Can A Business Deny My Privacy Request?

Yes, there are instances in which a business may deny your privacy request or retain the information you have requested to delete.

The CCPA might not apply to the business

The CCPA has very clear criteria on what businesses should meet in order to comply with the data privacy law. If the business does not meet these criteria, they are not obligated to honor your request.

Service provider exception

You may have submitted a request to a service provider of a business you transact with. In this case, they did not collect your information directly from you. They may either act on behalf of the business or inform you that your request cannot be acted upon.

Your request is not verifiable

If you have submitted a Request to Know or Request to Delete, the business will verify your identity. If you are unable to provide the verification information required, or if there is reason to believe your request is fraudulent, the business may deny your request.

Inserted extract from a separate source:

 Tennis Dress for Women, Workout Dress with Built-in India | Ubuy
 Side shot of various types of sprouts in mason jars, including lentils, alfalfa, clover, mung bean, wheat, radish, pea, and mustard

CCPA Exceptions for privacy requests

While your Request to Delete might not be denied, your information may still be retained. There are a number of exceptions in the CCPA that allow a business to retain your personal information even when you have made a Request to Delete. These exceptions include when a business needs your information to:

  1. Complete the transaction for which your information was collected, provide goods or services you have requested, or to perform a contract you have entered into with the business

  2. Detect any security incidents, and protect against malicious, fraudulent, or illegal activity

  3. Exercise any rights provided for by law

  4. Comply with other laws or legal obligation

  5. Engage in public or peer-reviewed research, if the deletion of your information is likely to impede the achievement of the research and so long as the business has your consent

  6. Use your information for internal purposes in a lawful manner that is consistent with the context in which your personal information was collected for

You may read more about the reasons why your information may still be retained, or why your privacy requests may be denied, in the Cal. Civ. Code section 1798.105(d) and in the Cal. Civ. Code section 1798.145.

Other instances

The business is only obligated to delete the information they collected directly from you. If the business collected your personal information from a source other than you, the business is not required to delete your personal information.

You may have already submitted two requests in the past year. A business is obligated to respond to your Request to Know and your Request to Delete twice in a 12-month period.

Alternately, a business may have already deleted all personal information they collected from you.